Verbod op plastic wegwerpproducten
In het Besluit kunststofproducten wordt vastgelegd dat vanaf 3 juli 2021 de volgende
wegwerpplastics door producenten en importeurs niet meer op de Nederlandse markt mogen
worden gebracht, omdat hier goede, toegankelijke alternatieven voor bestaan: wattenstaafjes,
bestek, roerstaafjes, rietjes, borden, ballonstokjes, alle producten vervaardigd van
oxo-degradeerbare kunststoffen en voedselverpakkingen, drankverpakkingen en drinkbekers
van geëxpandeerd polystyreen (piepschuim). Bestaande voorraden van deze producten
mogen nog wel worden verkocht. Veruit de meeste inspraakreacties op het ontwerpbesluit
waren afkomstig van mensen met een beperking die afhankelijk zijn van plastic rietjes
voor hun vocht- en voedselinname. Deze rietjes mogen straks nog wel op de Nederlandse
markt worden gebracht, want de uitzondering in de richtlijn voor het gebruik als medisch
hulpmiddel8 (met CE markering) biedt daar de mogelijkheid toe. Samen met VWS kijk ik naar de
mogelijkheid om de verkoop van rietjes als medisch hulpmiddel in te perken tot bepaalde
verkooppunten. Met de belangenvereniging voor mensen met een beperking (Stichting
Iederin) ben ik hierover in overleg.
Verplichte markeringen op plastic wegwerpproducten
Per 3 juli 2021 is het verplicht om op de verpakking van een aantal wegwerpproducten
markeringen aan te brengen om duidelijk te maken dat er plastic in zit, dat het in
de afvalbak moet worden weggegooid en over de negatieve impact op het milieu als het
daar in terechtkomt. Dit geldt specifiek voor hygiëneproducten, zoals maandverband,
tampons (en inbrenghulzen voor tampons), vochtige doekjes en sigarettenfilters. Voor
plastic wegwerpbekers geldt dat de markering op de beker zelf moet worden aangebracht,
ook als deze deels uit plastic bestaat, bijv. met een plastic coating bij een beker
van een ander materiaal. Voor deze wegwerpproducten is er vaak een gebrek aan consumenteninformatie
over de aanwezigheid van kunststof in het product en de impact op het milieu als het
daarin terecht komt als zwerfafval. Verwacht wordt dat de markeringsvoorschriften
gaan bijdragen aan het consumentenbewustzijn.

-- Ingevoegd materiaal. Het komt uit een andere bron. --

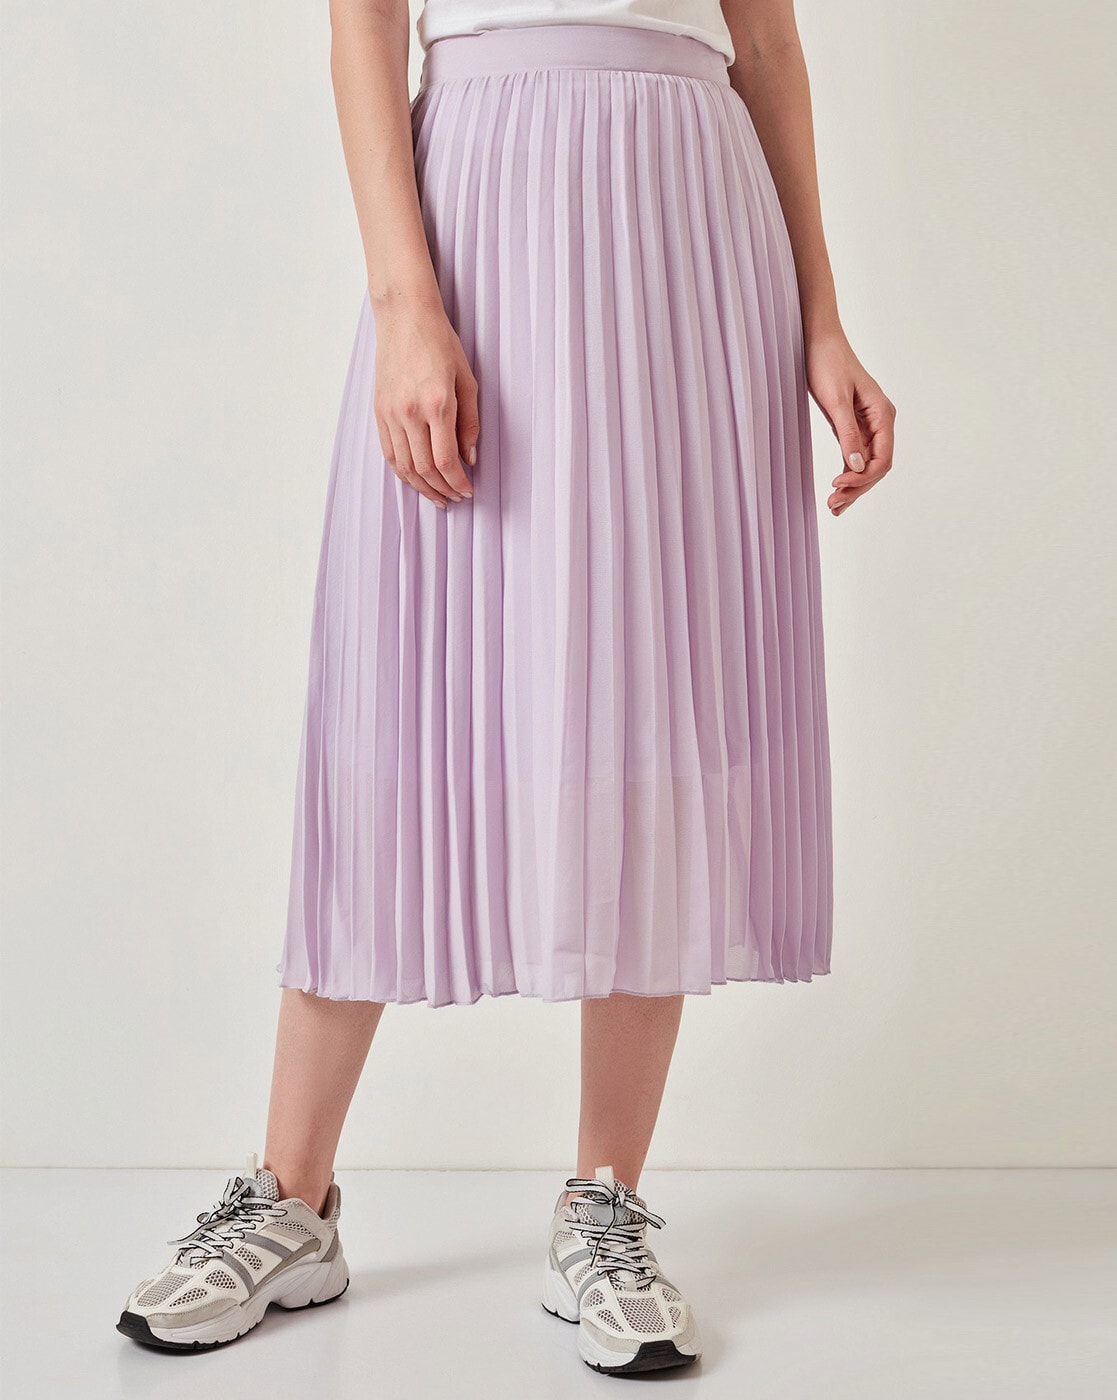 purple skirt for woman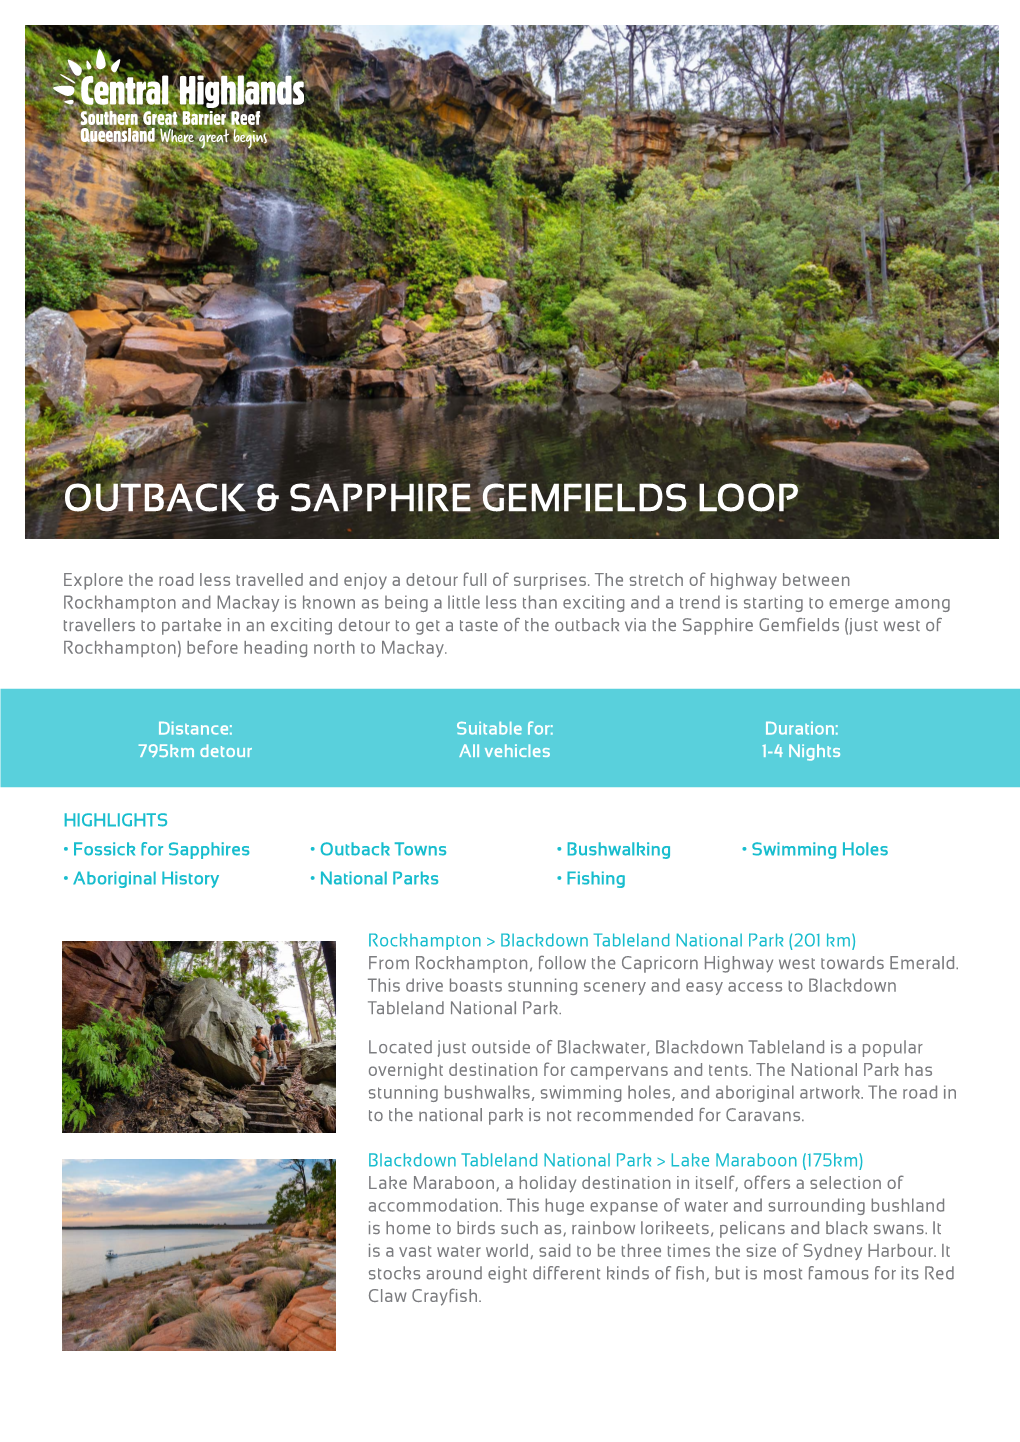 Outback & Sapphire Gemfields Loop

In een Europese beschikking wordt precies voorgeschreven hoe de markering eruit moet
zien en waar die moet worden geplaatst. De Europese beschikking wordt bij ministeriële
regeling geïmplementeerd. De Europese beschikking zou door de Europese Commissie op
1 juli 2020 worden gepubliceerd, zodat de producenten een jaar de tijd zouden hebben
de productielijnen aan te passen. De publicatie van de Europese beschikking is echter
vertraagd en is nu voorzien voor het einde van 2020. Deze vertraging zal niet leiden
tot een latere inwerkingtreding van de verplichting uit de wegwerpplastics richtlijn,
daartoe biedt de richtlijn juridisch geen mogelijkheden. Er wordt op Europees en nationaal
niveau wel gekeken naar redelijke oplossingen m.b.t. de handhaving t.a.v. de huidige
ingangstermijn.
Productvereisten
Voor plastic flessen en drankverpakkingen gaan productvereisten gelden. Deze houden
in dat per 3 juli 2024 doppen tijdens het gebruik aan de drankverpakkingen bevestigd
moeten blijven en een percentage recyclaat in kunststof drankflessen verplicht wordt,
te weten 25% recyclaat voor PET-flessen vanaf 2025 en 30% recyclaat voor alle kunststof
flessen vanaf 2030. Het Europese Normalisatie Instituut (CEN) stelt standaarden op
om de bevestiging van doppen aan de drankverpakkingen binnen de EU te harmoniseren
(zgn. EN-normen). De Europese Commissie komt bovendien met een monitoringsrapportage
format voor het toepassen van recyclaat op basis van EFSA standaarden ten aanzien
van de kwaliteitseisen voor voedselcontact.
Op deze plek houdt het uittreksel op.